Each query consists of two non-empty strings old and new, separated by a space. The strings consist of lowercase and uppercase Latin letters and digits. Strings old and new are distinct. The lengths of the strings do not exceed 20.

The requests are given chronologically. In other words, by the moment of a query there is a single person with handle old, and handle new is not used and has not been used by anyone.

Output

In the first line output the integer n — the number of users that changed their handles at least once.

In the next n lines print the mapping between the old and the new handles of the users. Each of them must contain two strings, old and new, separated by a space, meaning that before the user had handle old, and after all the requests are completed, his handle is new. You may output lines in any order.
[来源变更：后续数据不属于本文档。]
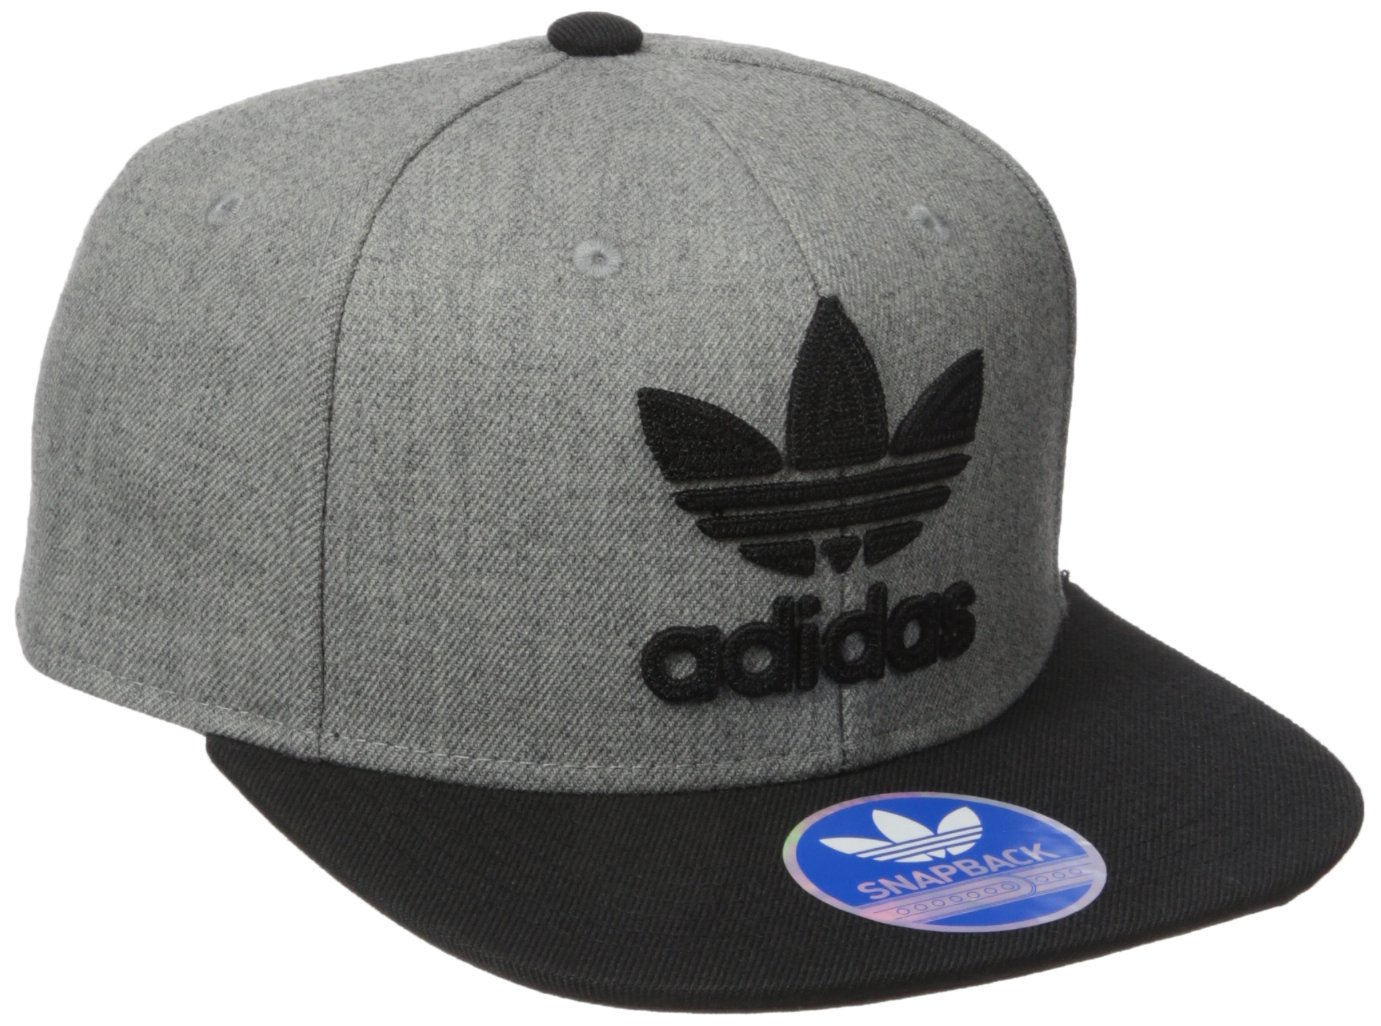 a8f54c06aaa Galleon - Adidas Men s Originals Snapback Flatbrim Cap

Each user who changes the handle must occur exactly once in this description.

Example

Input

5
Misha ILoveCodeforces
Vasya Petrov
Petrov VasyaPetrov123
ILoveCodeforces MikeMirzayanov
Petya Ivanov

Output

3
Petya Ivanov
Misha MikeMirzayanov
Vasya VasyaPetrov123

#include <iostream>
#include <map>
#include <cstring>
#include <vector>
#include <set>
using namespace std;
map<string,string> mp;
set<string> s;
vector<string> v;
int main()
{
    int q, ans = 0;
    cin >> q;
    string ss,ss1;
    while(q--){
        cin >> ss >> ss1;
        s.insert(ss1);
        if(!s.count(ss)) {
            ans ++;
            v.push_back(ss);
        }
        mp[ss] = ss1;
    }

    cout << ans << endl;
    for(int i = 0; i < v.size(); i++){
        string sss = v[i];
        while(mp.count(mp[sss])) sss = mp[sss];
        cout << v[i] << " " << mp[sss] << endl;
    }
    return 0;
}

What Are You Talking About

Ignatius is so lucky that he met a Martian yesterday. But he didn't know the language the Martians use. The Martian gives him a history book of Mars and a dictionary when it leaves. Now Ignatius want to translate the history book into English. Can you help him? 
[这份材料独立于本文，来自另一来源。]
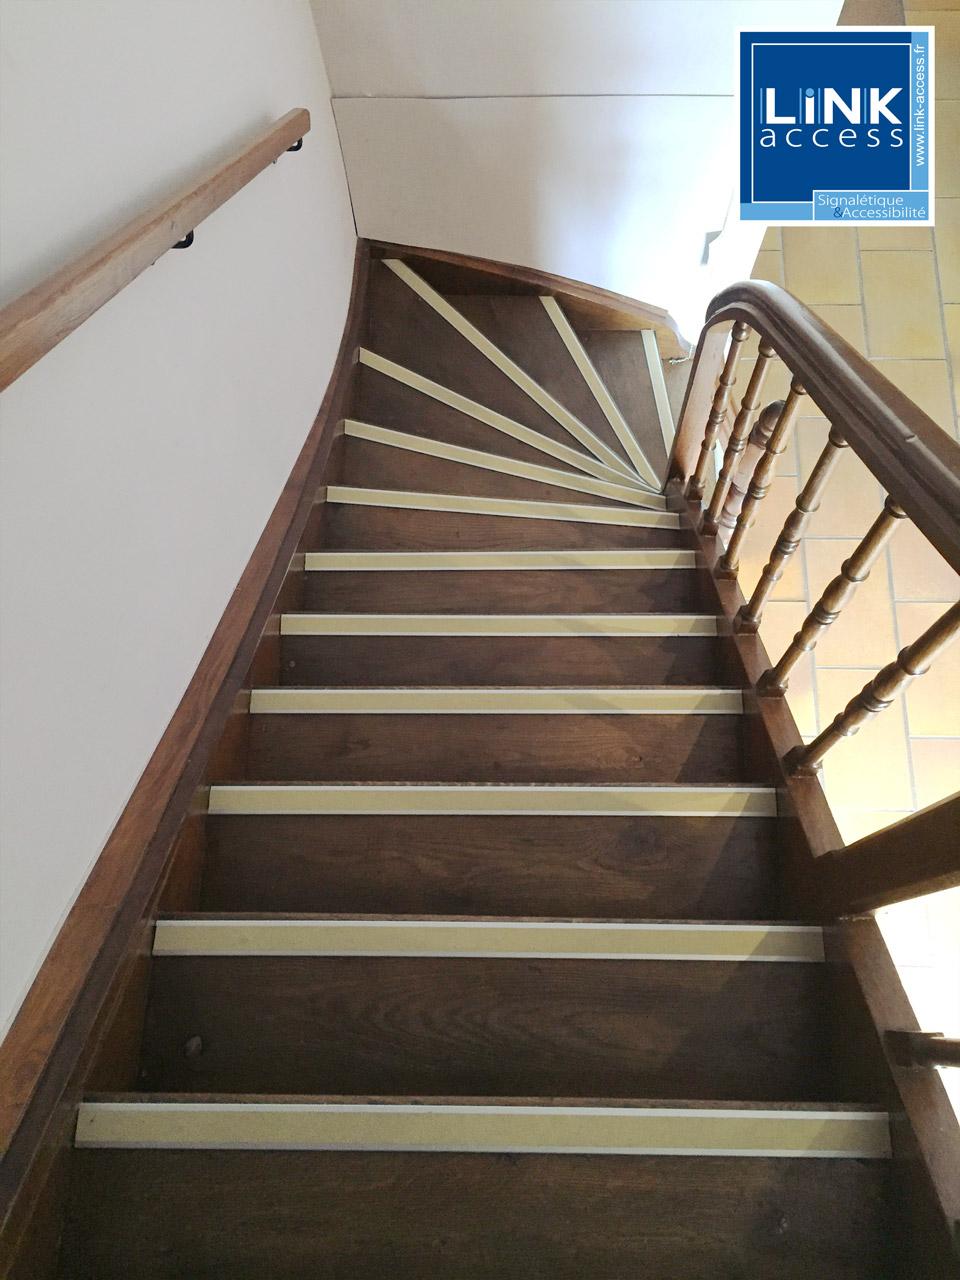 Nez de marche contrastés antidérapants sur escaliers en bois posé par Link-Access à lampertheim.

InputThe problem has only one test case, the test case consists of two parts, the dictionary part and the book part. The dictionary part starts with a single line contains a string "START", this string should be ignored, then some lines follow, each line contains two strings, the first one is a word in English, the second one is the corresponding word in Martian's language. A line with a single string "END" indicates the end of the directory part, and this string should be ignored. The book part starts with a single line contains a string "START", this string should be ignored, then an article written in Martian's language. You should translate the article into English with the dictionary. If you find the word in the dictionary you should translate it and write the new word into your translation, if you can't find the word in the dictionary you do not have to translate it, and just copy the old word to your translation. Space(' '), tab(' '), enter(' ') and all the punctuation should not be translated. A line with a single string "END" indicates the end of the book part, and that's also the end of the input. All the words are in the lowercase, and each word will contain at most 10 characters, and each line will contain at most 3000 characters. 
OutputIn this problem, you have to output the translation of the history book. 
Sample Input

START
from fiwo
hello difh
mars riwosf
earth fnnvk
like fiiwj
END
START
difh, i'm fiwo riwosf.
i fiiwj fnnvk!
END

Sample Output

hello, i'm from mars.
i like earth!

#include <iostream>
#include <map>
#include <cstdio>
#include <cstring>
using namespace std;
map<string,string> mp;
string s,ss;
int main()
{
    cin >> s;
    while(cin>>s){
        if(s == "END")
            break;
        cin>>ss;
        mp[ss] = s;
    }
    //cout << mp["difh"] << endl;
    cin>>s;
    getline(cin,s);
    while(getline(cin,s)){
        ss = "";
        if(s == "END")
            break;
        ss = "";
        for(int i = 0; i < s.size(); i++){
            if(islower(s[i])){
                ss+=s[i];
            }else{
                if(mp.find(ss)!=mp.end()){
                    cout << mp[ss];
                }
                else cout << ss;
                ss = "";
                cout << s[i];
            }
        }
        cout << endl;
    }
    return 0;
}

SPY

The National Intelligence Council of X Nation receives a piece of credible information that Nation Y will send spies to steal Nation X’s confidential paper. So the commander of The National Intelligence Council take measures immediately, he will investigate people who will come into NationX. At the same time, there are two List in the Commander’s hand, one is full of spies that Nation Y will send to Nation X, and the other one is full of spies that Nation X has sent to Nation Y before. There may be some overlaps of the two list. Because the spy may act two roles at the same time, which means that he may be the one that is sent from Nation X to Nation Y, we just call this type a “dual-spy”. So Nation Y may send “dual_spy” back to Nation X, and it is obvious now that it is good for Nation X, because “dual_spy” may bring back NationY’s confidential paper without worrying to be detention by NationY’s frontier So the commander decides to seize those that are sent by NationY, and let the ordinary people and the “dual_spy” in at the same time .So can you decide a list that should be caught by the Commander? 
A:the list contains that will come to the NationX’s frontier. 
B:the list contains spies that will be sent by Nation Y. 
C:the list contains spies that were sent to NationY before. 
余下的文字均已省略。